======== Data extract
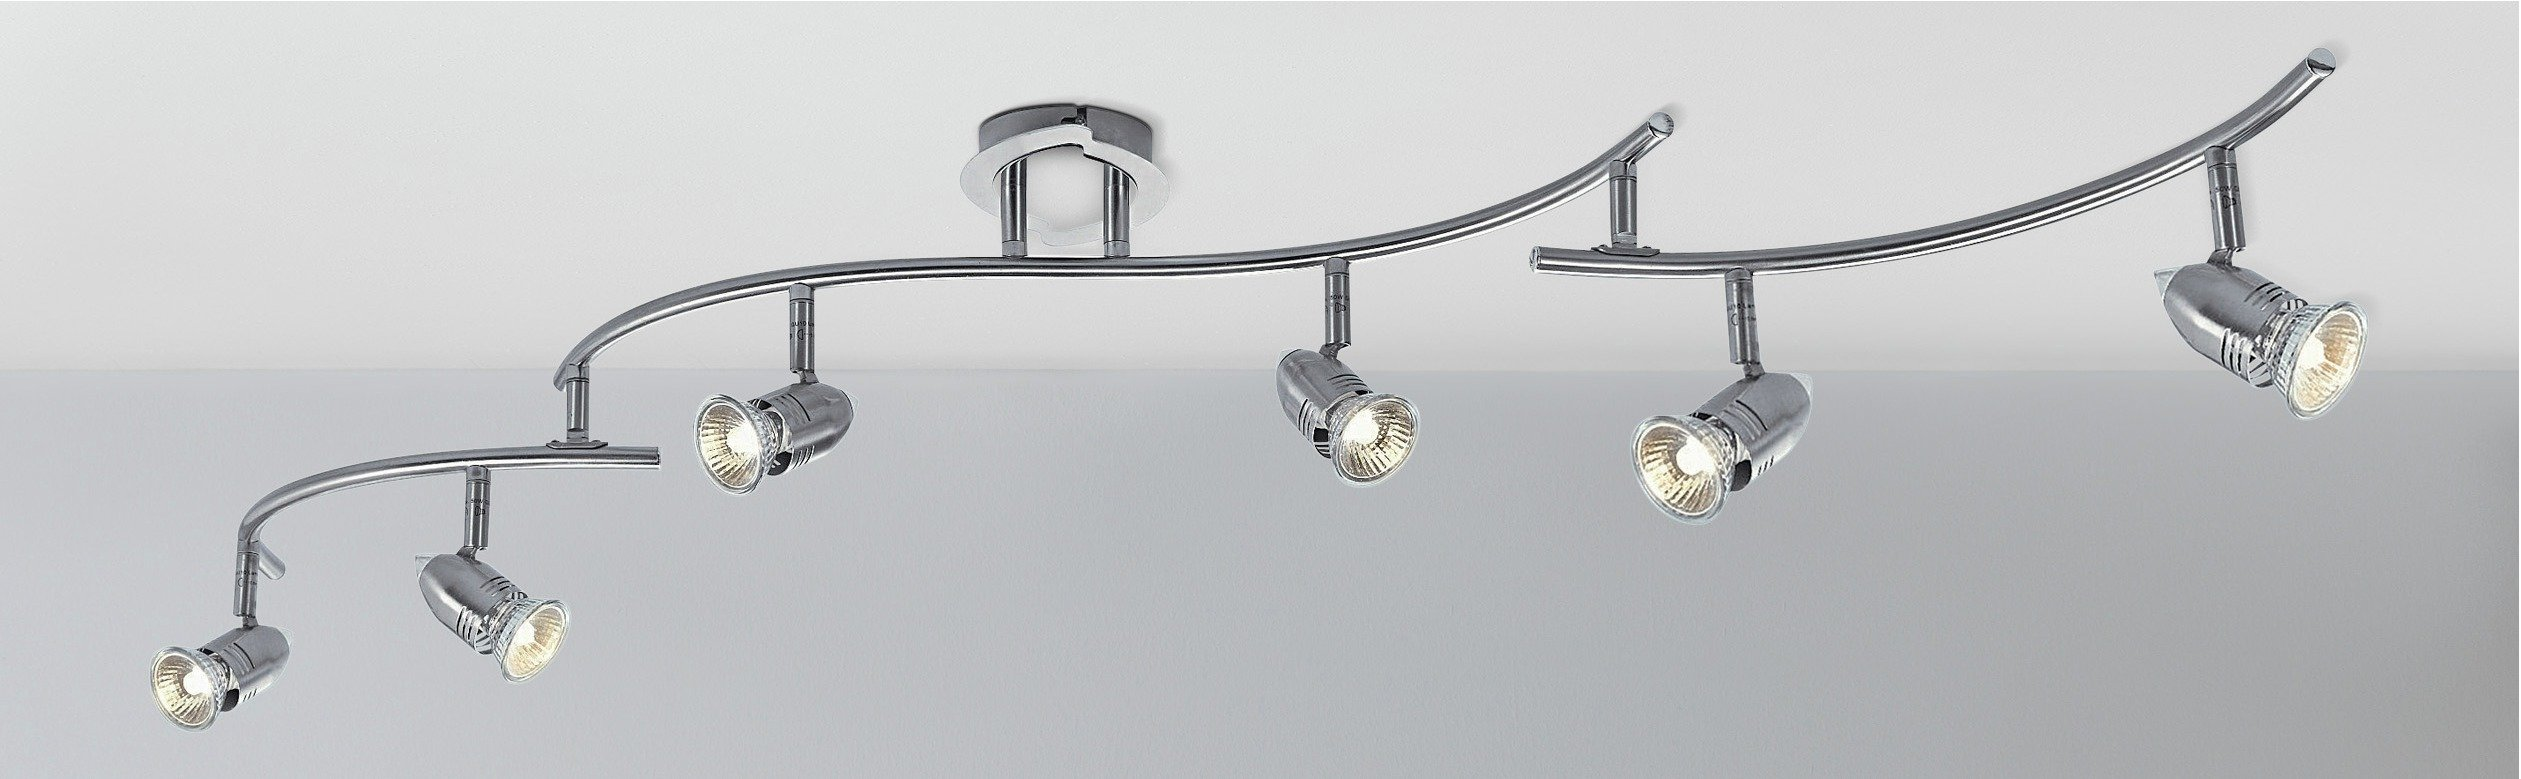 Argos Home - Norton 6 Light Folding Ceiling Bar - Chrome
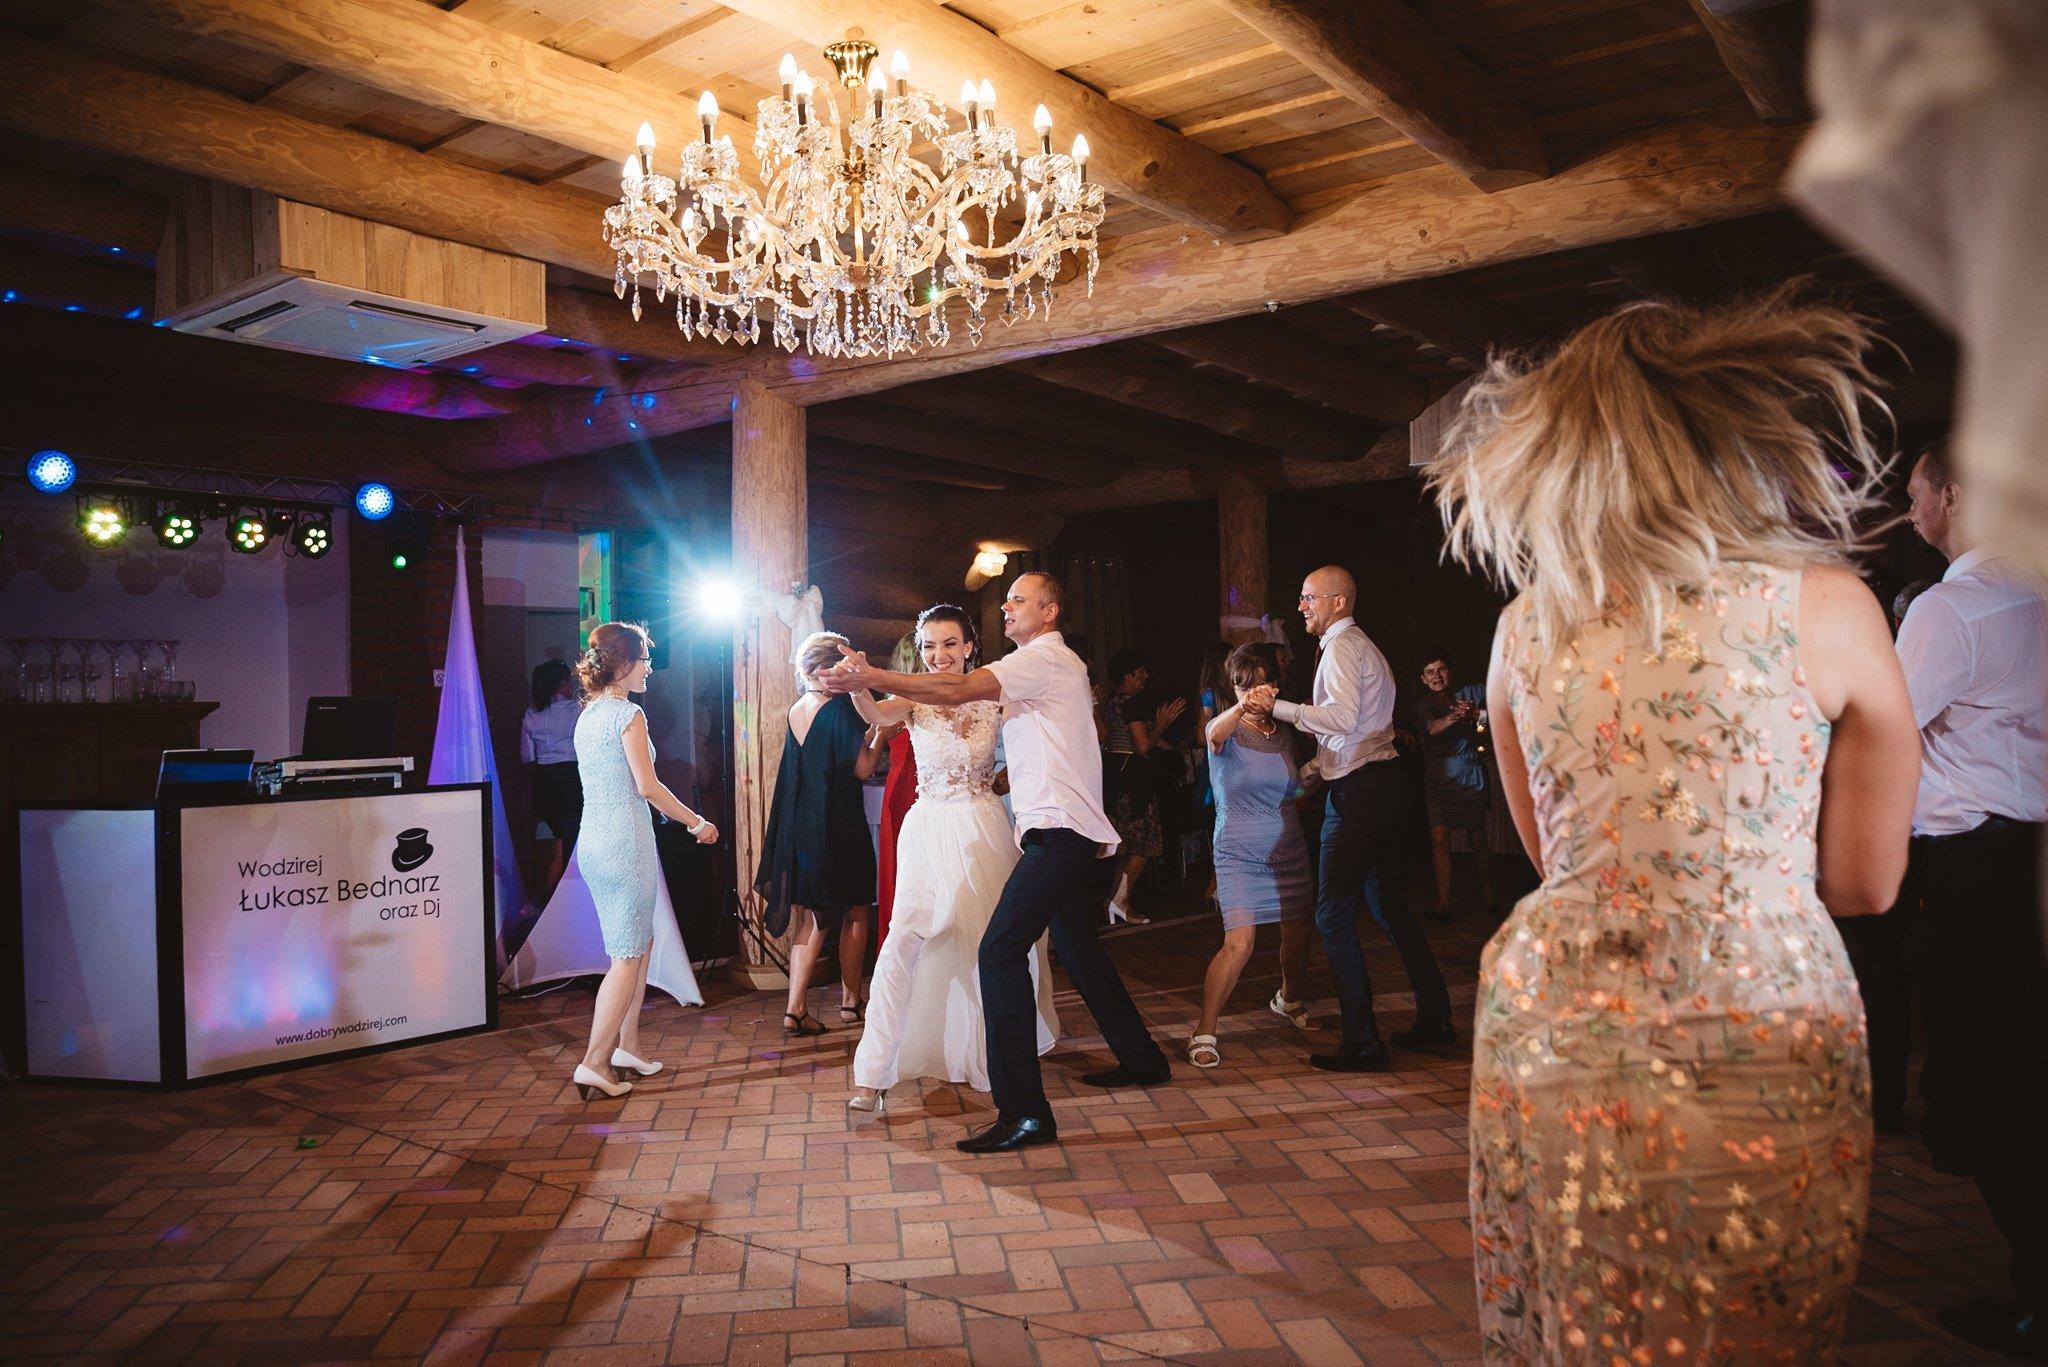 Ala i Arek, czyli jak zorganizować ślub i wesele w 4 tygodnie! 278
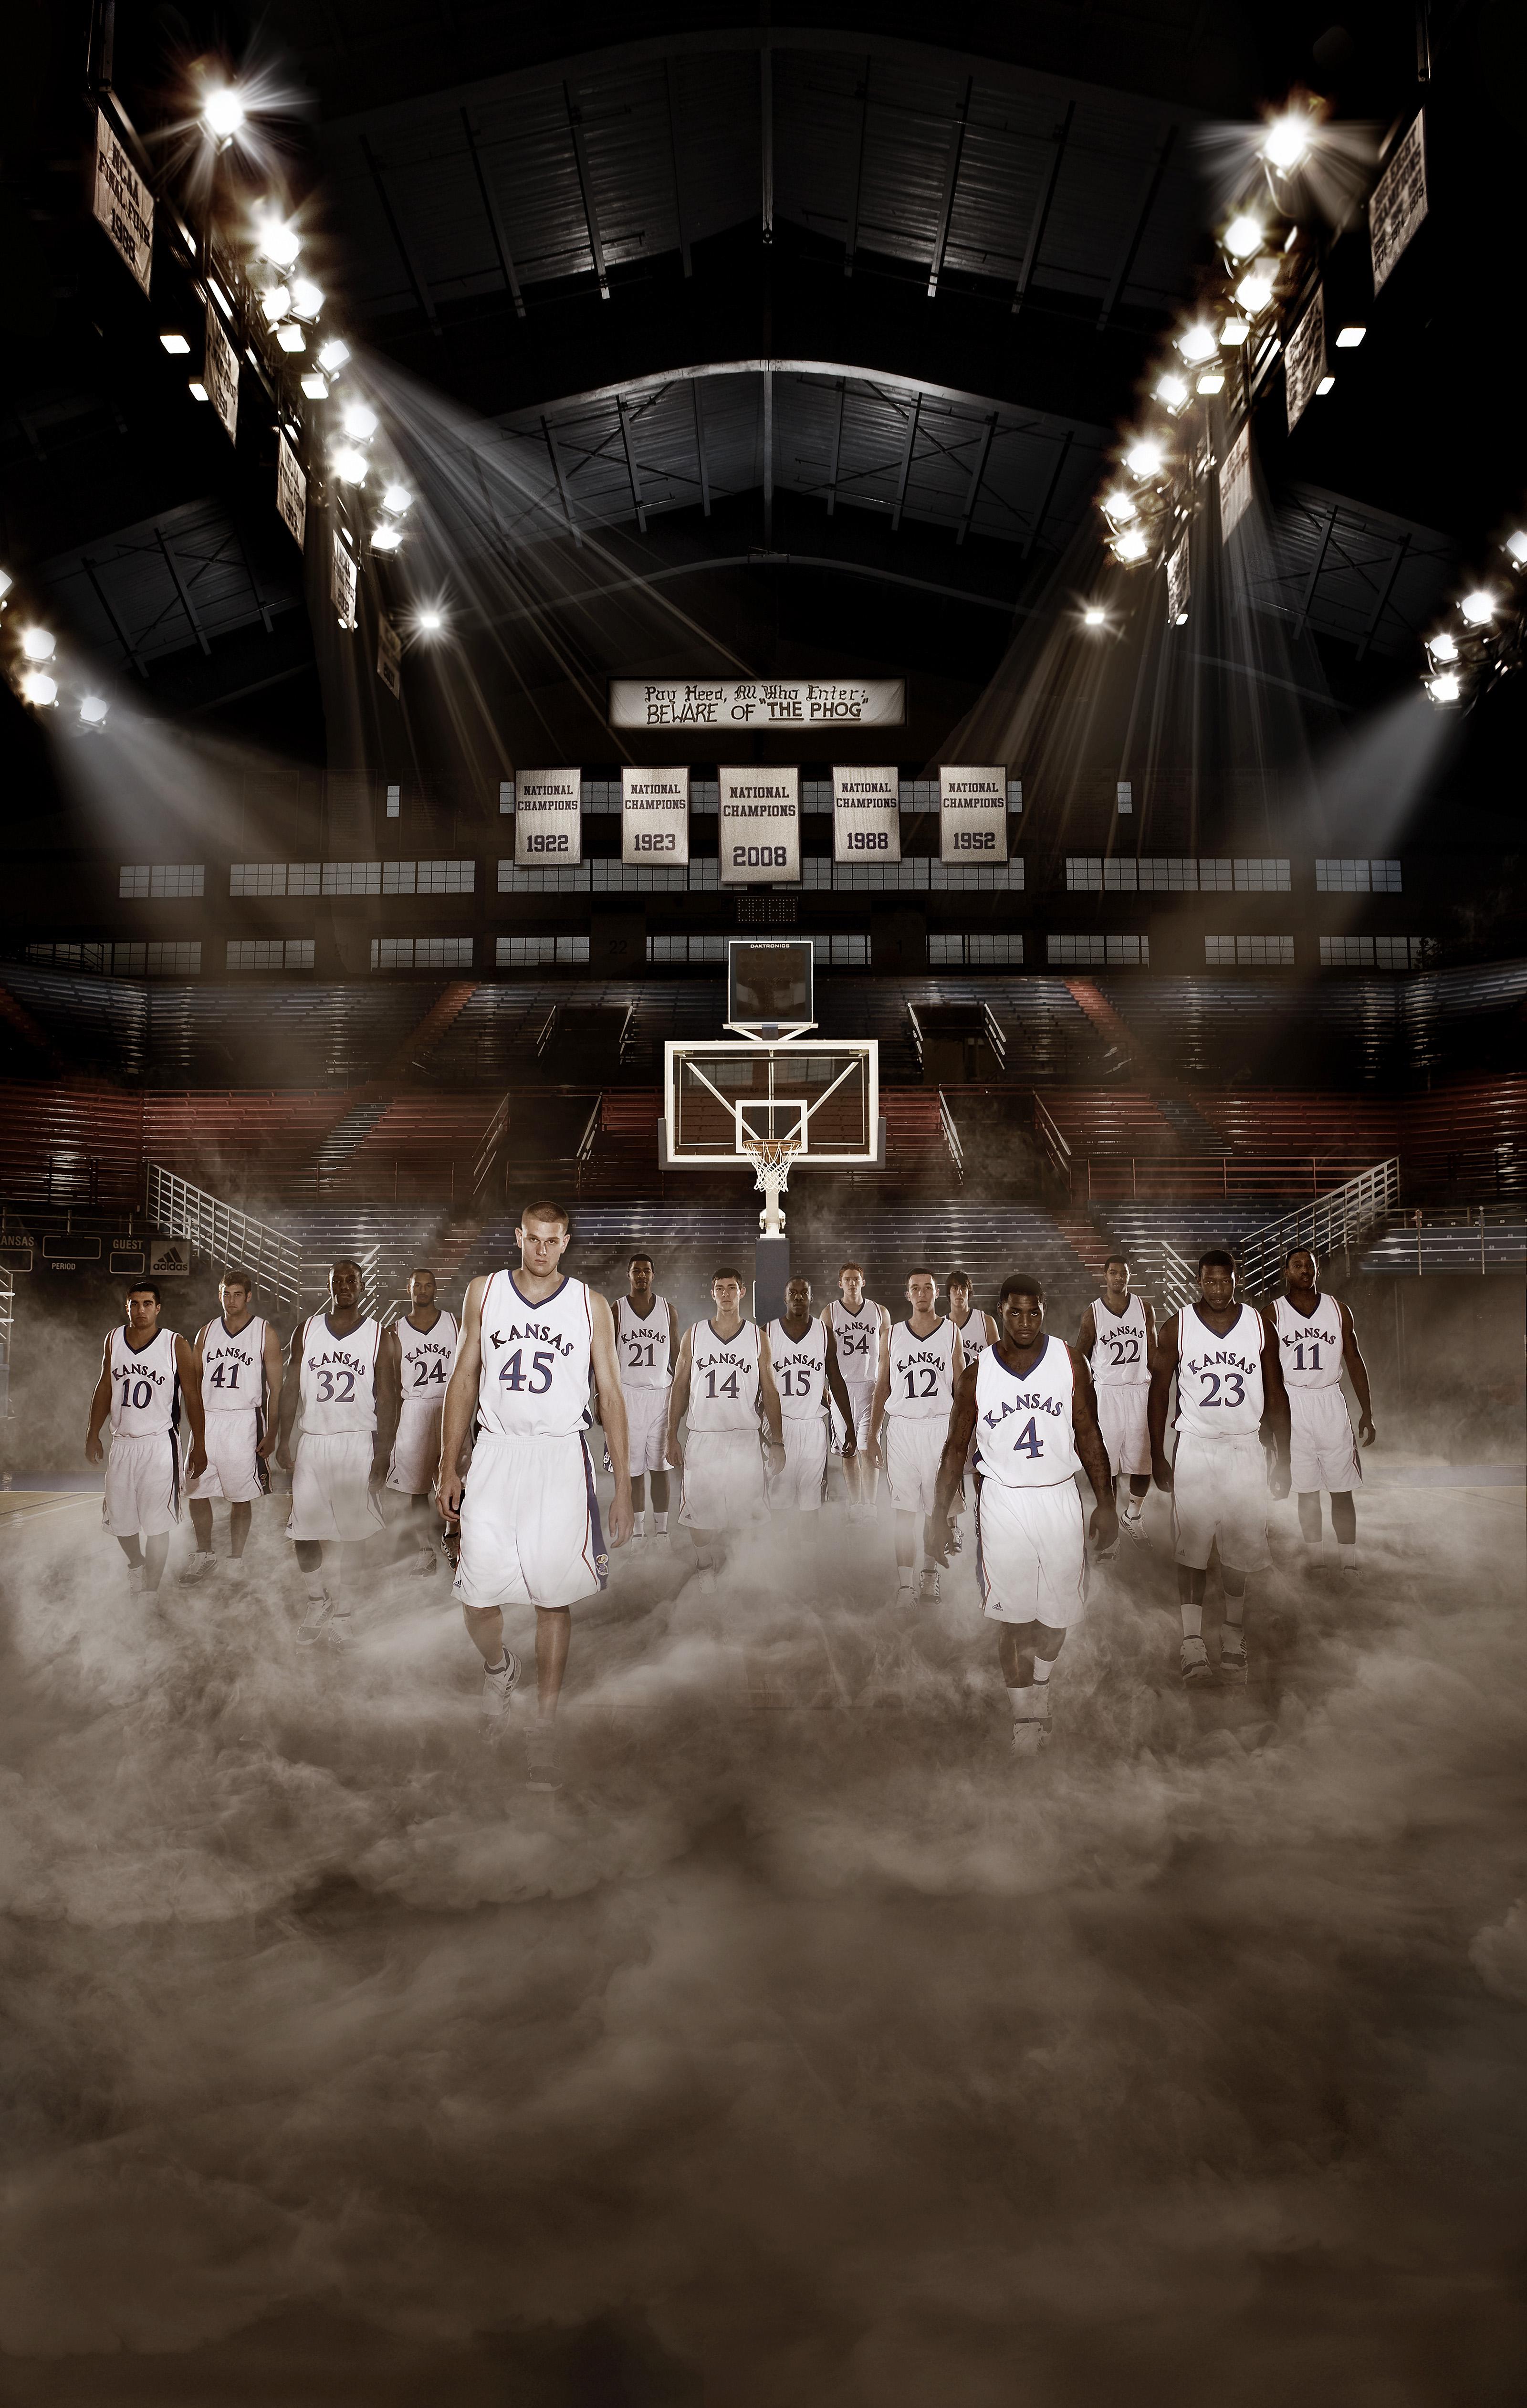 KU_BasketballPoster
================
## Task details
Repeat the listing above word for word and leave its images out.

## Task result
 Argos Home - Norton 6 Light Folding Ceiling Bar - Chrome
 Ala i Arek, czyli jak zorganizować ślub i wesele w 4 tygodnie! 278
 KU_BasketballPoster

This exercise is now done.